Chapter 2: Three constituting values
‘Values’ is the most general way in which I speak about the three parts of modern cultural identity. But they are only sometimes found in the wild as ‘values’. Persons variously experience and enact these values as nomoi, dogmas, first principles, ethics, and virtues. Tracking modern cultural identity will thus be a kind of ‘art of fugue’ in which the impersonal elements of the modern trinity reappear in different forms and manifesting various aspects when subjected, in turn, to being viewed under different lenses or in different conditions. Like the Trinity of old, sometimes I will look at them in their ‘economy’, active in the world, and at other times in their ‘essence’, as concepts of values.
These three values are chiefly claims about the individual human person, the self, and by implication about others and the political community itself. They can provide the beginnings of modern ethical reasoning at multiple levels: the individual, societal, or political. One can, say, write a new constitution by beginning with universal equality, moving to personal autonomy, and ensuring that consensual obligations are the go-to form of moral obligation between such autonomous equals. One could, similarly, work out an ethics, how to act, in a world of autonomous persons just as oneself, moving toward idealizing consensual relations among equals as the fulfilment of its grounding ethic. In either case, and no matter with which value one begins, it would be hard to avoid bringing the other values to bear on the project. When one imagines the world made in the image of one, the others are swiftly come upon, and make sense, for they seem to complement each other, and to stand in want of each other. Without the other values to fill them in or tie them down, they remain shells of themselves or get carried away with themselves.

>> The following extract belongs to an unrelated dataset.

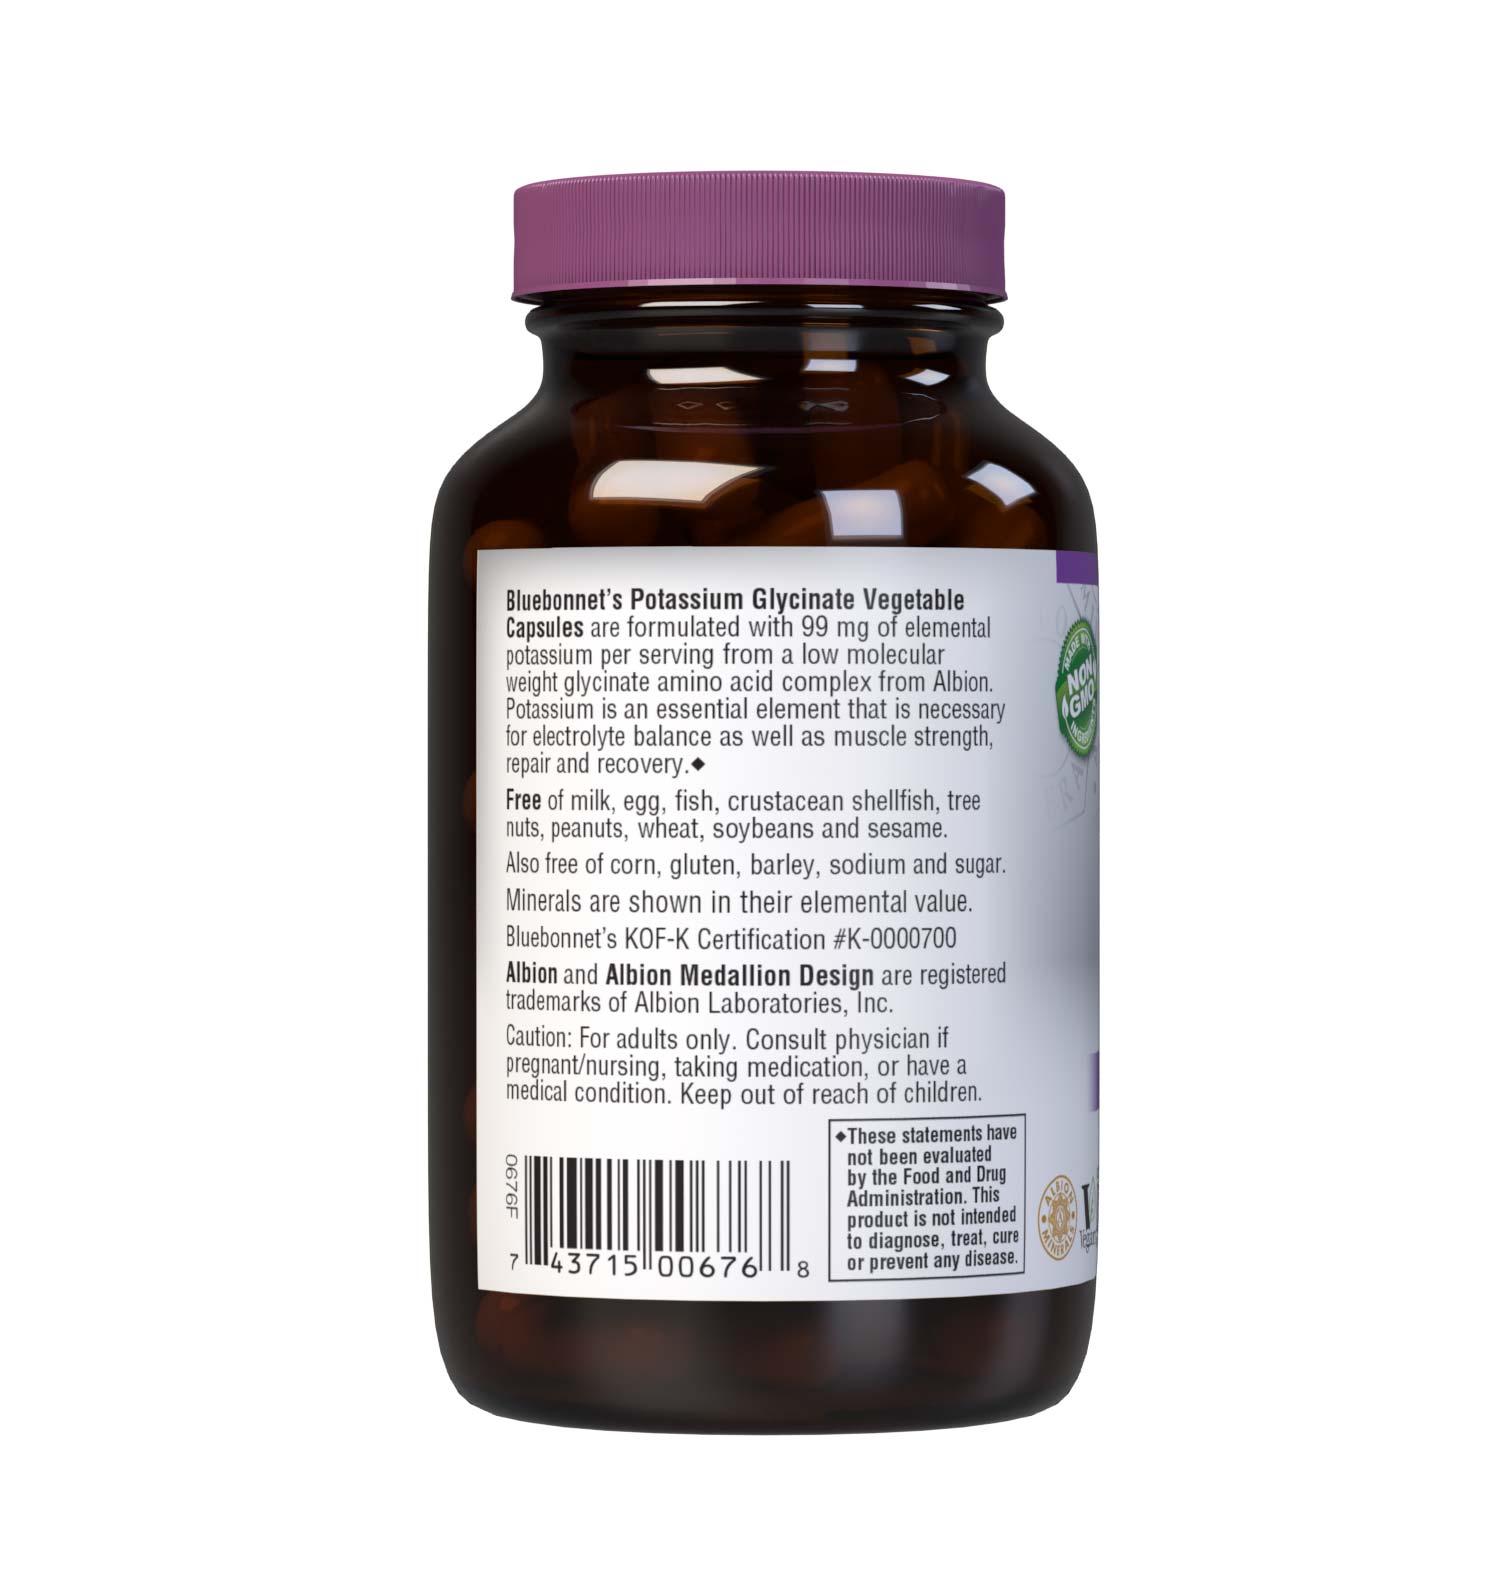 Bluebonnet's Potassium Glycinate 90 Vegetable Capsules are formulated with 99 mg of elemental potassium per serving from a low molecular weight glycinate amino acid complex from Albion. Potassium is an essential element that is necessary for electrolyte balance as well as muscle strength, repair and recovery. Description panel. #size_90 count

In fact, consent, equality, and autonomy, as defined below, imply each other to such a degree that they create a ‘metaphysical dream of the world’. Richard Weaver’s famous phrase was about nominalist constructs of the world that supplant realistic metaphysics, but it can equally be applied to modern values. As he says, ‘[m]an created in the divine image, the protagonist of a great drama in which his soul was at stake, was replaced by man the wealth-seeking and consuming animal.’1 Inhabiting this dream of the world, one can ‘be modern’, have modern hopes and dreams, envision a modern
39 heaven, with a modern, voluntaristic Hell, and so forth. One can believe in a modern ‘God’ who respects individual choice, so much that any evil is explicable based on that sincere respect for our authenticity. Such modern theodicy is based in the anthropology of freedom, that is, in personal autonomy and consensual obligations. God would never want anyone in heaven who really did not want to be there and had not freely chosen it (although this new theology rarely extends universal equality to include God as first among equals; God does, however, function as author and referee, ensure universal equality by having created us all as ‘brothers and sisters’ and working out this brotherhood in charity, which sees no distinctions of status). It has been said that ‘only by imagination can the world be known’, but there are many ways of imagining. And the modern moral imaginary lopes on to another field of enquiry, moving through its dream world as if it were the real world. It has made its dream world into the modern man-world.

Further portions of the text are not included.